BB: What’s your policy on introducing new food or encouraging your children to eat things they’re not interested in?
The rule is just to try it. I don’t care if you don’t like it, but you will put it in your mouth and swallow it. If you just listen to your kids, you can end up putting them in a bubble where they won’t be exposed to things. You grow your palette; it’s a muscle you develop.
BB: What’s your philosophy on food?
If we care about the food we consume, it can go a very long way toward caring about the planet. We really have a chance to make a conscious choice [with our meals]. If you are an overwhelmed parent, start by picking one lunch box a week to consciously pick sustainable choices. That will make a difference, and within a few months, you’ll find it easy to expand.
BB: Do you have a favorite recipe you’d like to share?

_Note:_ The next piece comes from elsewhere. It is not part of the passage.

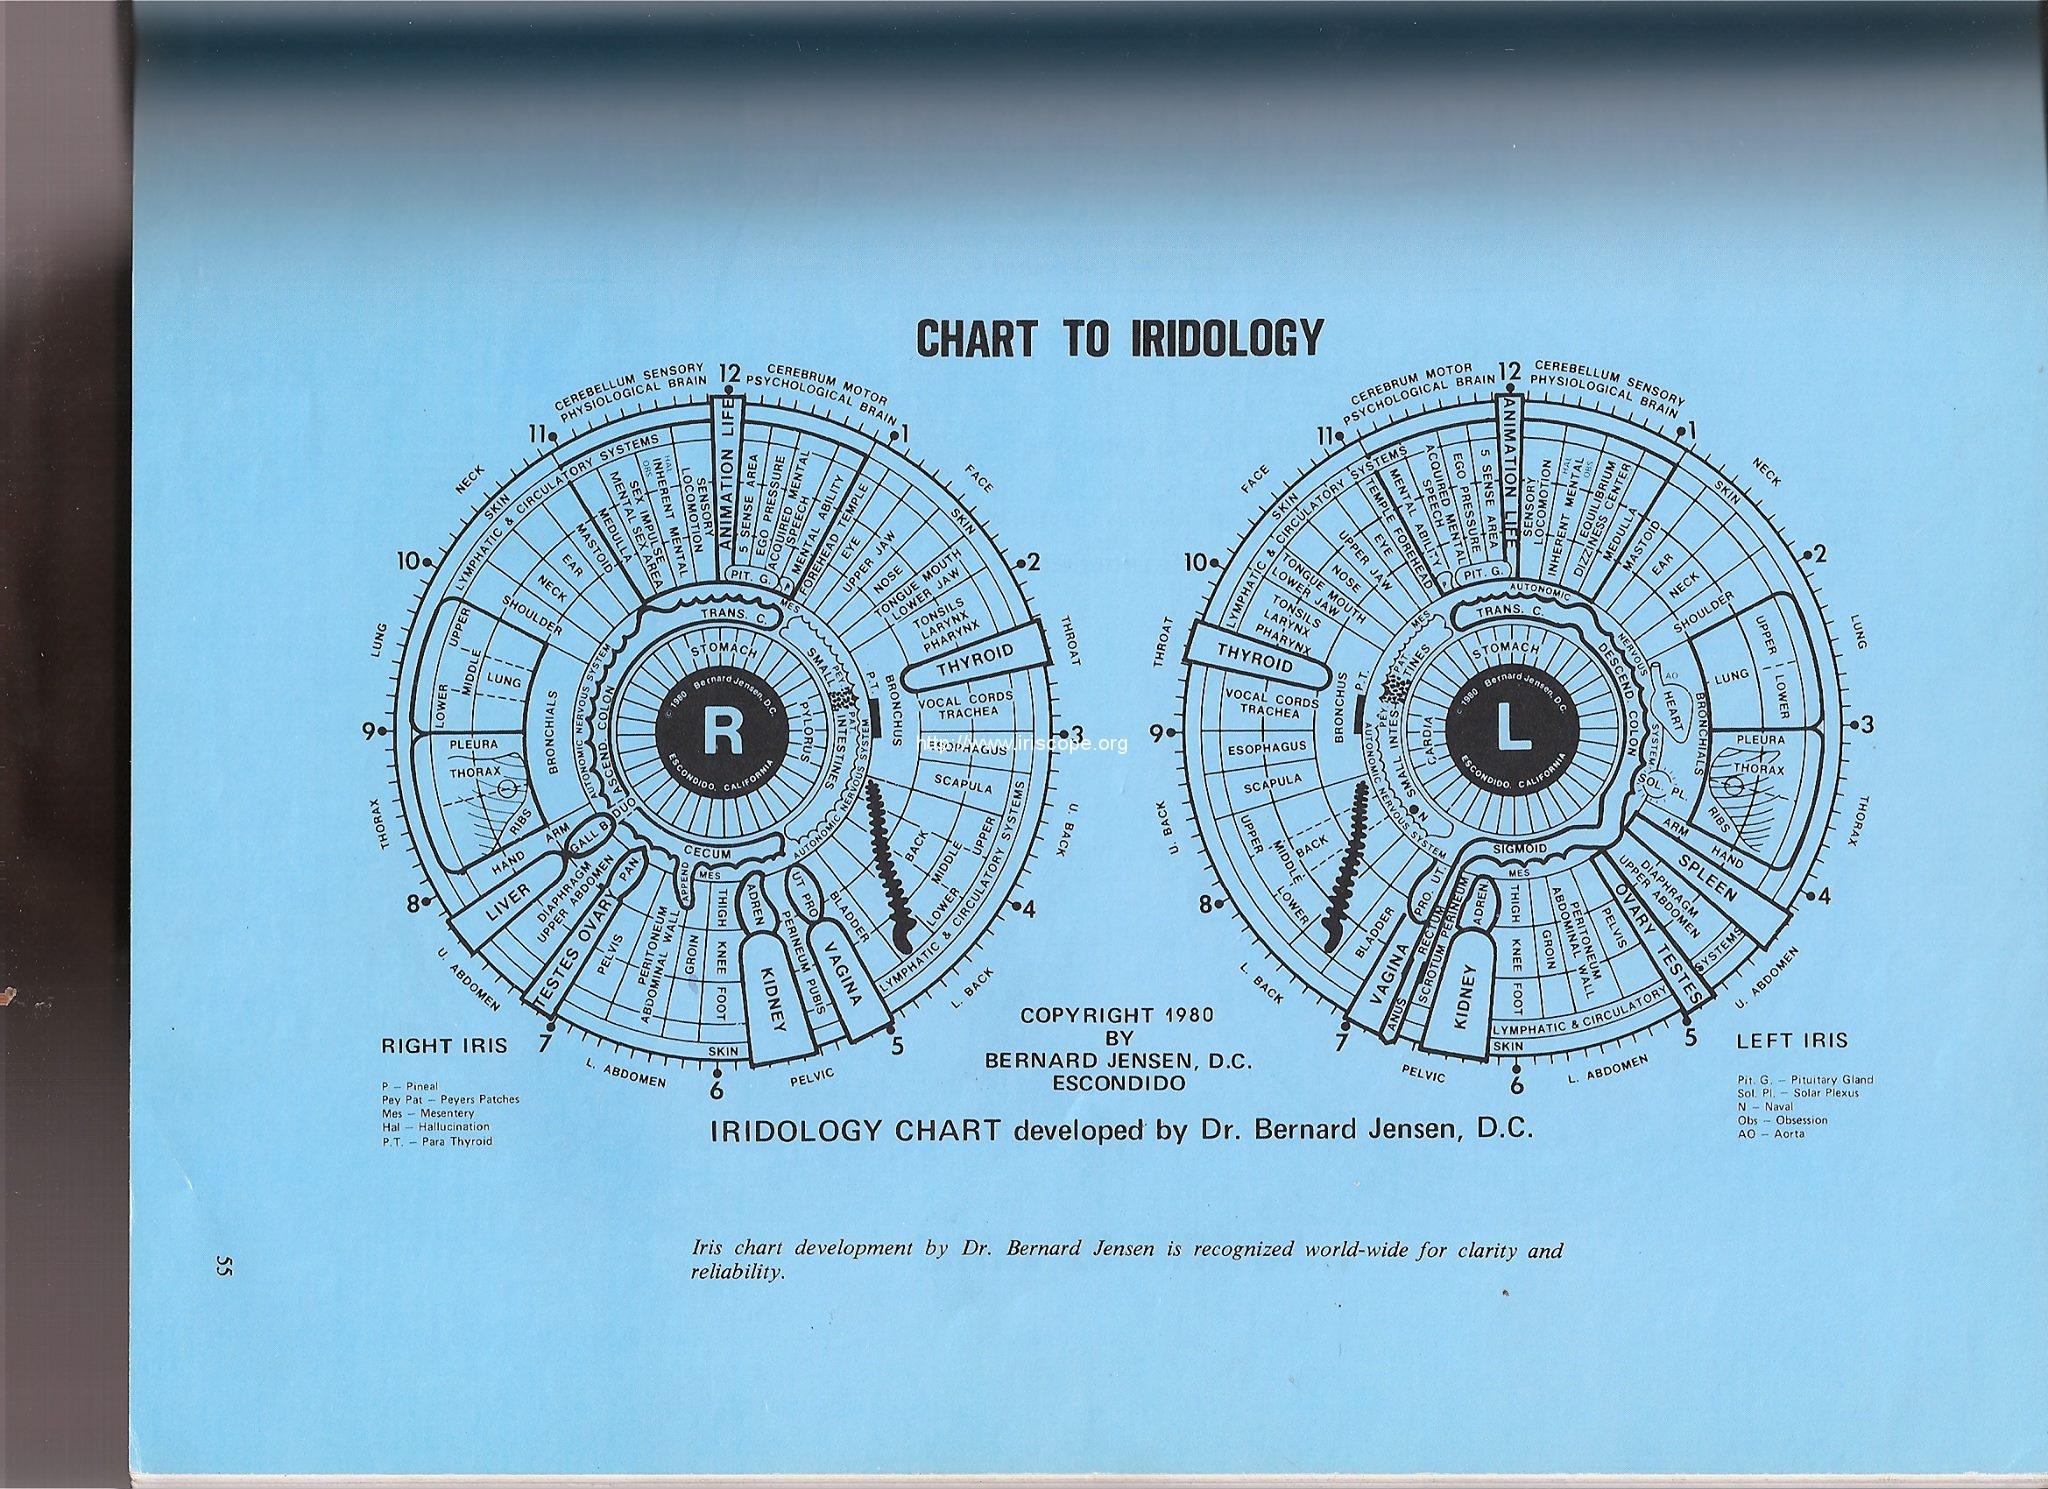 Dr. Jensen's iridology chart

Lemon Zest Turkey Meatballs & Spicy Mayonnaise.
For the meatballs:
2lbs of ground turkey
2 egg yolks
1 cup of panko
zest of one-half of a lemon (preferably organic, non-treated), chopped very thin
chopped herbs such as parsley
salt and pepper to taste
Mix everything and then shape little balls about 1.5 inches in diameter. Add the panko: the exact amount will depend on the quality of your turkey: you want to be able to shape your meatballs so they are firm enough. Remember to rinse your hands often under cold water so they do not get too sticky. Heat the olive oil in a sautée pan and brown the meatballs. Reduce the heat & cover so they can cook through, about 15 minutes. It is important not to make the balls too big, otherwise it is impossible to cook them through.
For the mayo:
2 teaspoons dijon mustard
1 egg yolk
juice of 1 lemon
extra virgin olive oil
In a bowl, mix all but the oil, beating everything so it is really smooth and homogenous. Then add olive oil really slowly, beating continuously until it becomes a thick mayonnaise. Refrigerate at least 15 minutes before serving.